Absolute instability modes due to rescattering of stimulated Raman scattering in a large nonuniform plasma

TL;DR

This paper investigates the development of absolute instability modes caused by rescattering of stimulated Raman scattering in large nonuniform plasmas, revealing their growth, nonlinear effects, and potential impact on inertial confinement fusion experiments.

Contribution

It provides a theoretical and numerical analysis of absolute SRS modes due to rescattering, highlighting their characteristics and significance in plasma physics and fusion research.

Findings

Absolute SRS modes develop high phase velocity Langmuir waves.

Weak Landau damping allows the growth of absolute SRS in linear stage.
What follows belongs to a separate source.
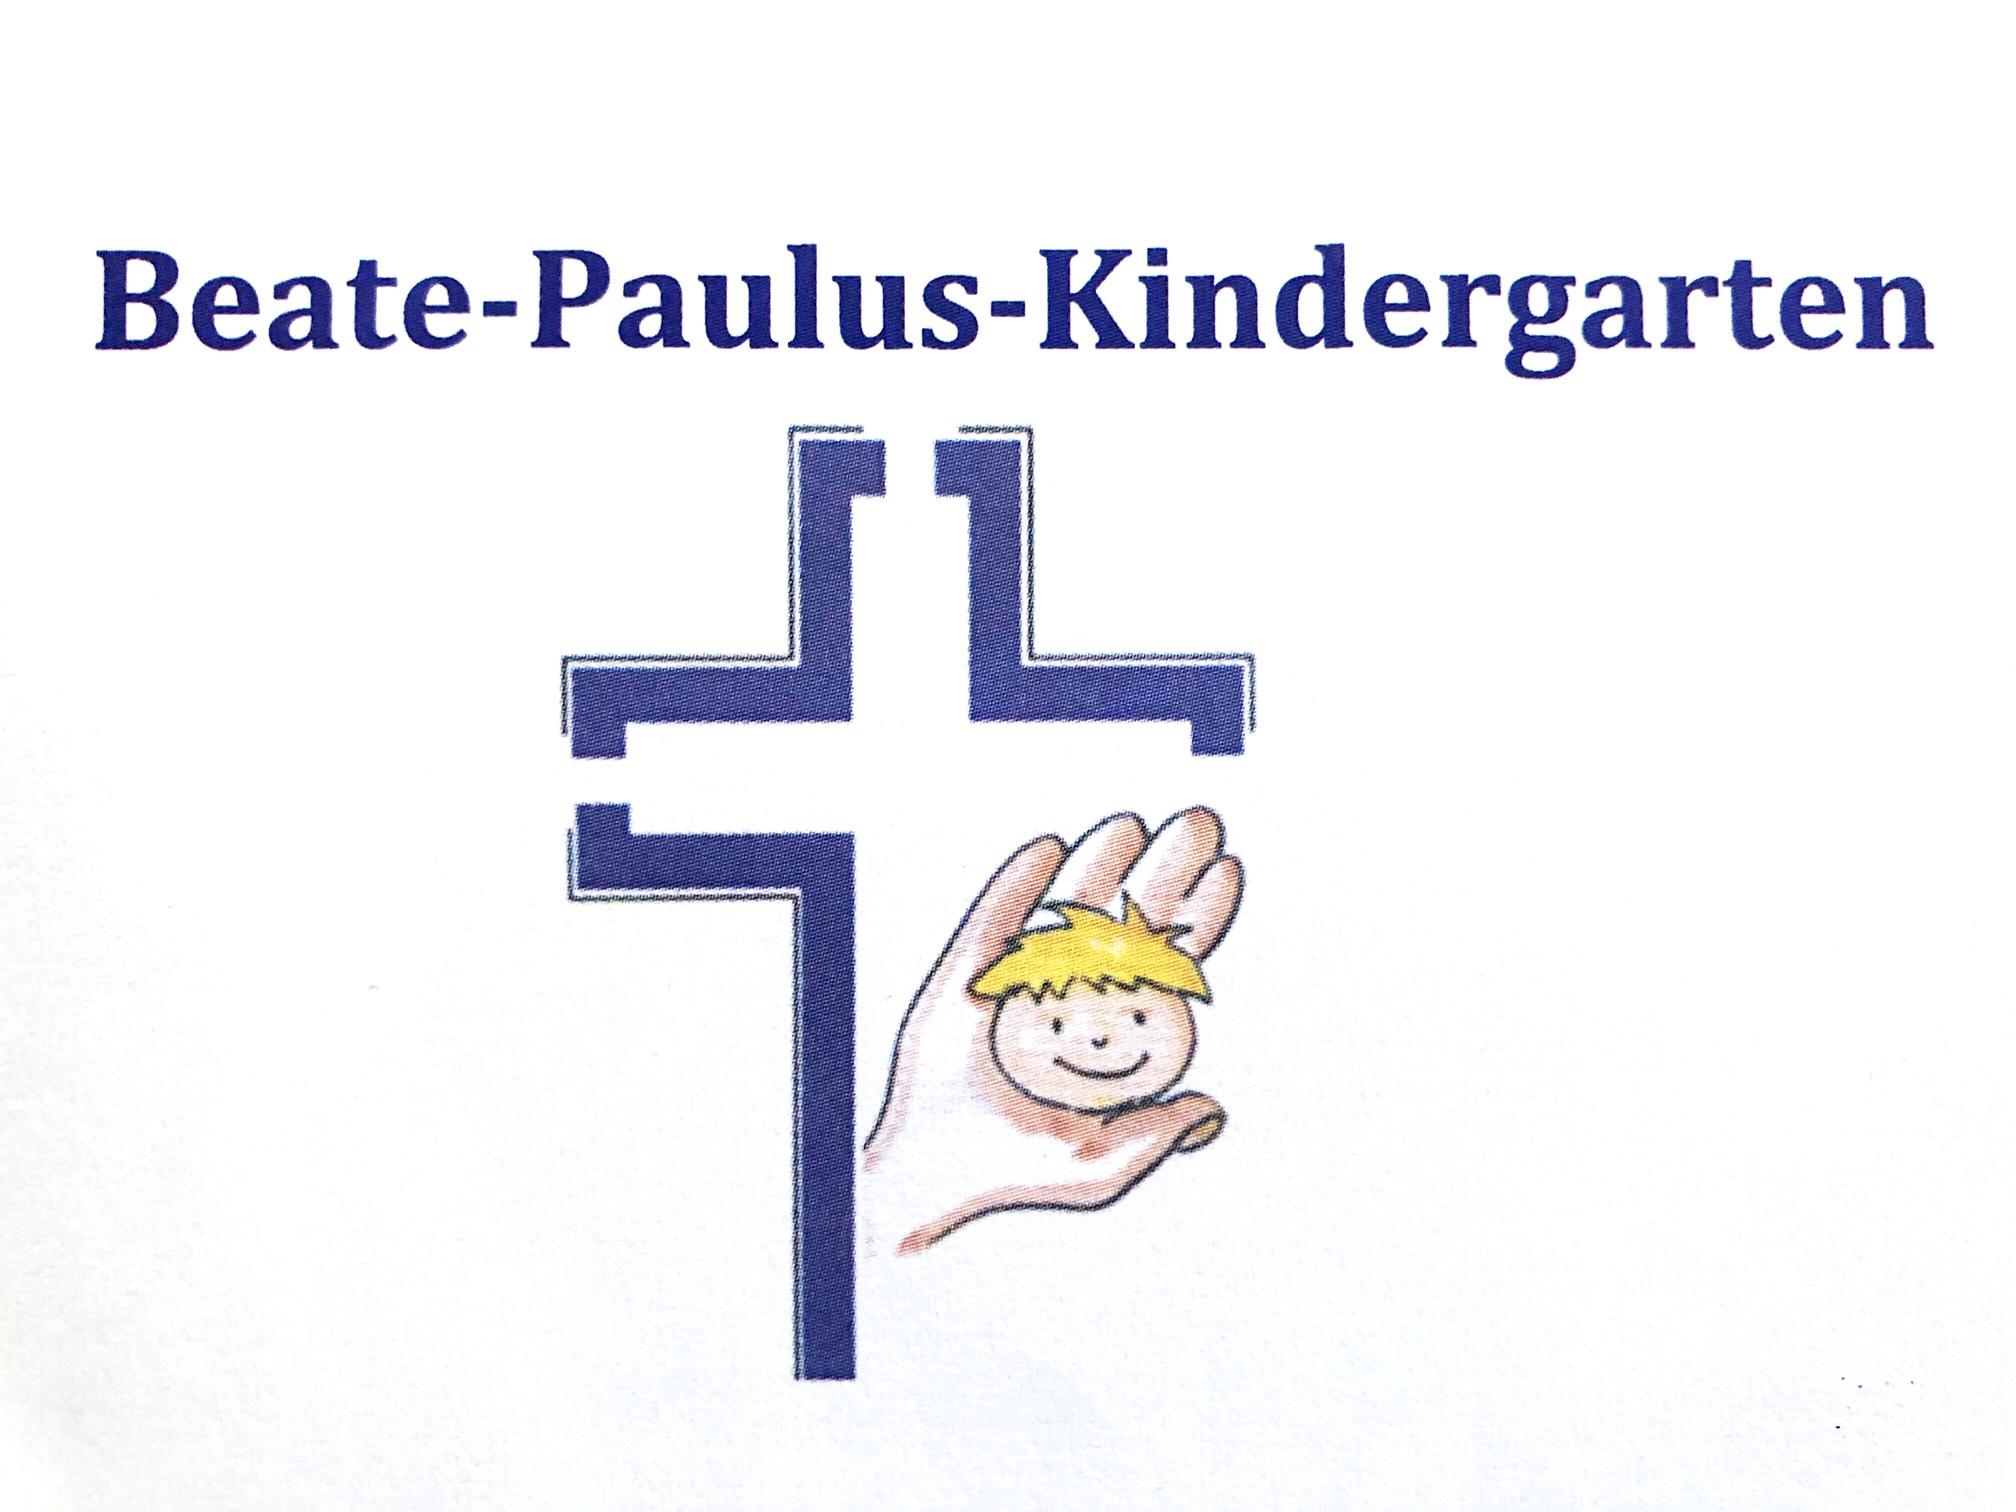 Beate-Paulus Kindergarten

Nonlinear regime heats electrons to hundreds of keV.

Abstract

Absolute instability modes due to rescattering of SRS in a large nonuniform plasma are studied theoretically and numerically. The backscattered light of convective SRS can be considered as a pump light with a finite bandwidth. The different frequency components of the backscattered light can be coupled to develop absolute stimulated Raman scattering (SRS) and two plasmon decay (TPD) instability near their quarter-critical densities via rescattering process. The absolute SRS mode develops a Langmuir wave with a high phase velocity about $c/\sqrt{3}$ with $c$ the light speed in vacuum. Given that most electrons are at low velocities in the linear stage, the absolute SRS mode grows with much weak Landau damping. When the interaction evolves into the nonlinear regime, the Langmuir wave can heat abundant electrons up to a few hundred keV. Our theoretical model is validated by particle-in-cell simulations. The absolute instabilities may play a considerable role in the experiments of inertial confined fusion.